Manning is fighting charges that he “aided the enemy” by passing military documents to WikiLeaks. His trial has implications for whistleblowers, the press and national security, and the opening day of proceedings on Monday drew a large crowd of journalists to the scene.
By Tuesday, though, many appeared to have gone. The New York Times noted in a Tuesday piece that there had been a “sharp drop from Monday in the presence of news organizations and protesters at the trial, which opened Monday at this military base near Baltimore, as it shifted from the drama of the opening statements toward chain-of-custody issues and other evidentiary matters.”
TV outlets appeared the most uninterested. The trial merited barely any time on the big three evening news networks over its first two days. Brian Williams spent 43 seconds talking about it, calling Manning “the man who may have put U.S. military secrets in the hands of Osama bin Laden.” This comment led the media watchdog FAIR to point out that, by the same token, NBC News itself could have put military secrets in bin Laden’s hands.
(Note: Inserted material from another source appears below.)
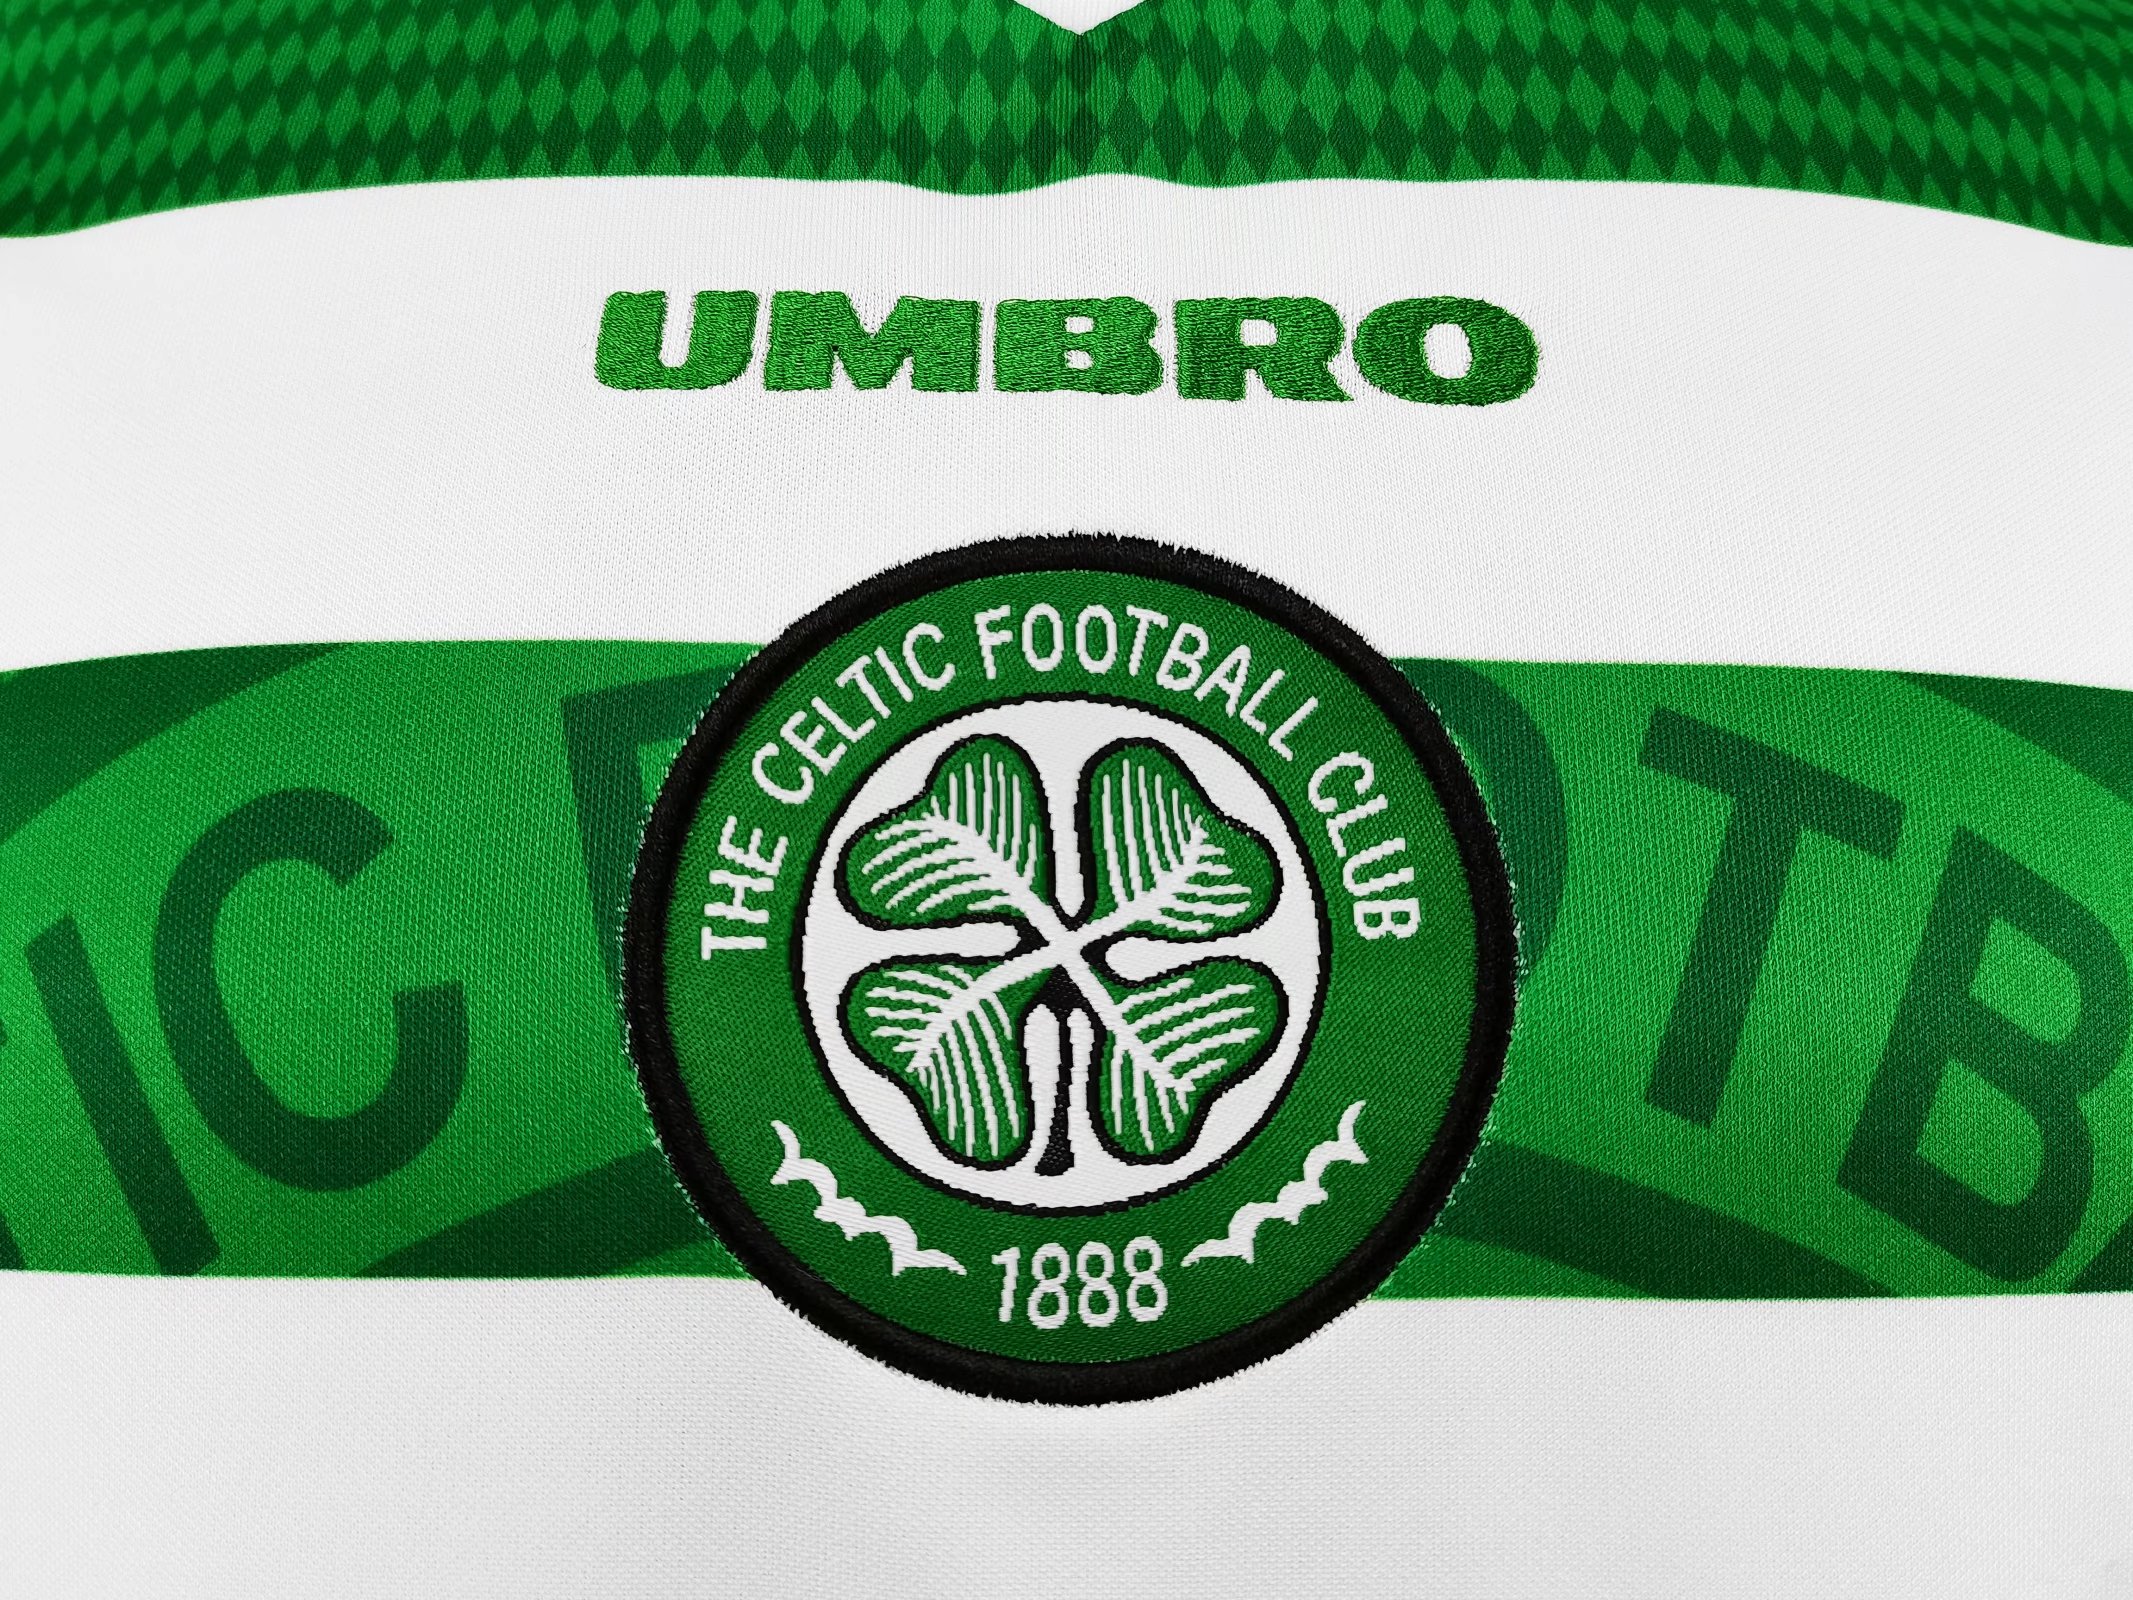 Celtic 1998-99 Home Kit

Even Williams’ brief mention of Manning was lengthier than CBS News’ Scott Pelley’s. Pelley spent about 10 seconds on it on Monday, before turning to a much more extensive conversation with Condoleezza Rice about Syria.
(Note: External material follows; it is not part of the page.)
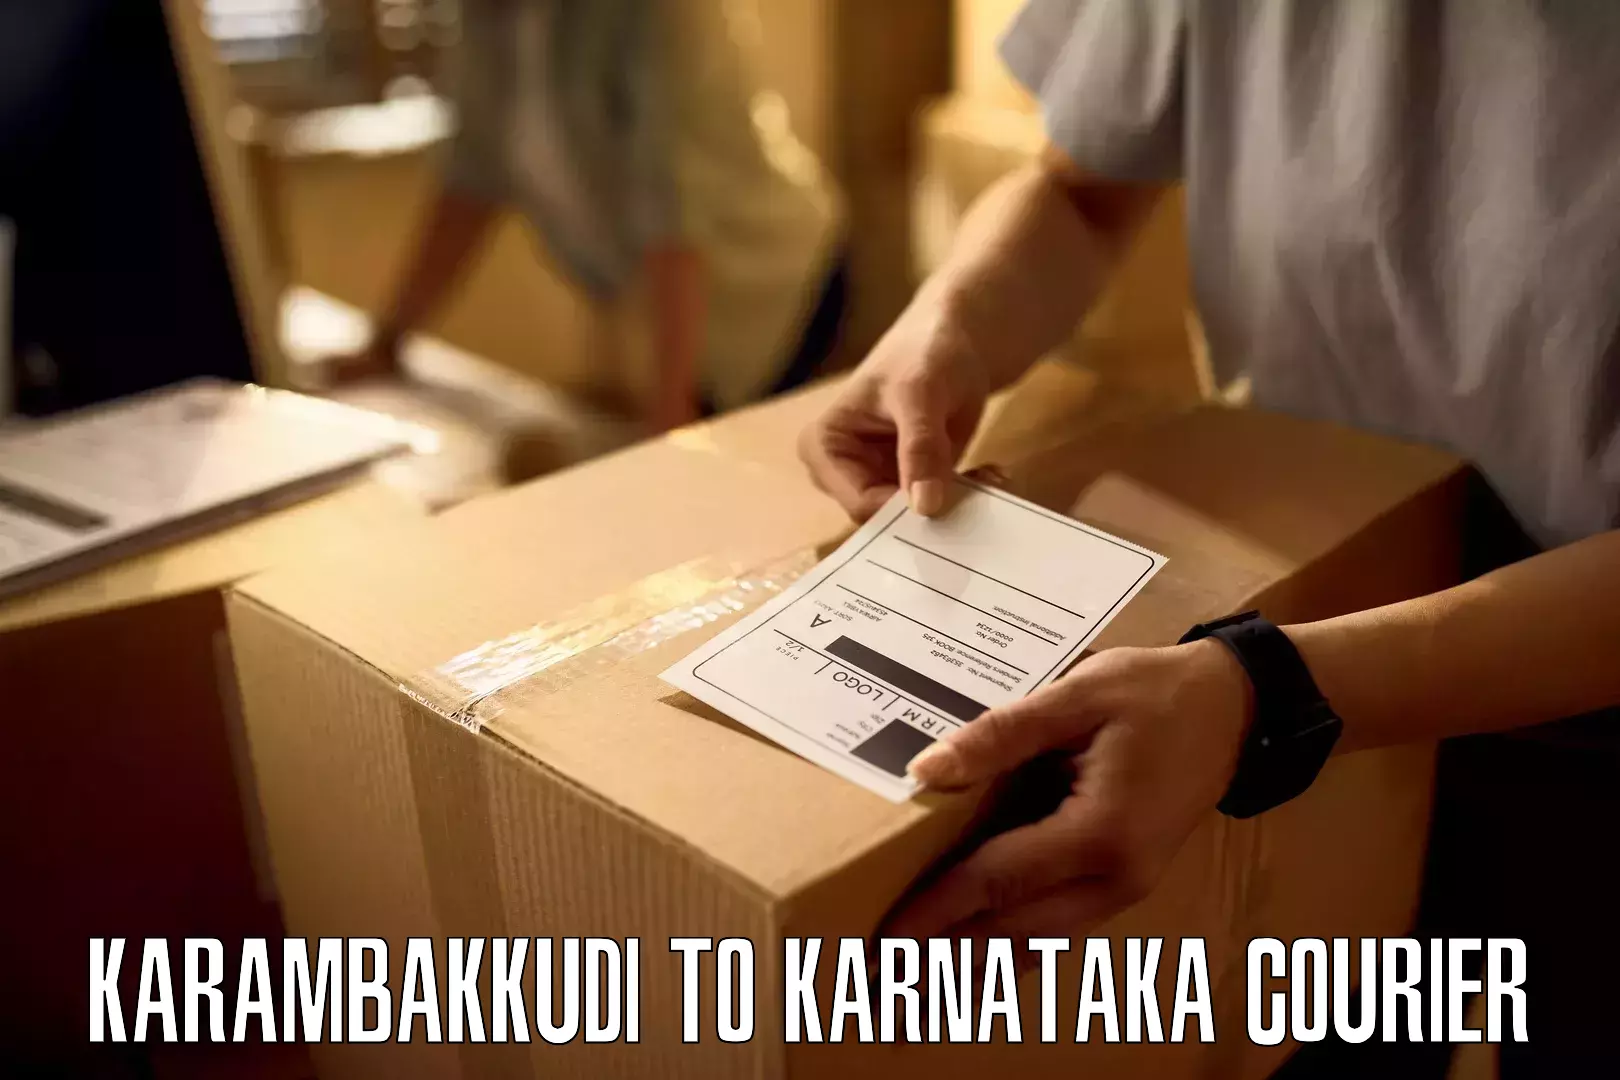 E-commerce logistics support Karambakkudi to Arsikere

ABC’s Diane Sawyer, meanwhile, didn’t mention the trial on either Monday or Tuesday.
The trial did not receive much coverage on cable news on Monday and Tuesday either. Jake Tapper did a segment about it on his CNN show, and Piers Morgan covered it by asking Jesse Ventura what he thought of the case. Anderson Cooper’s newsreader, Isha Sesay, briefly mentioned it during a roundup of stories.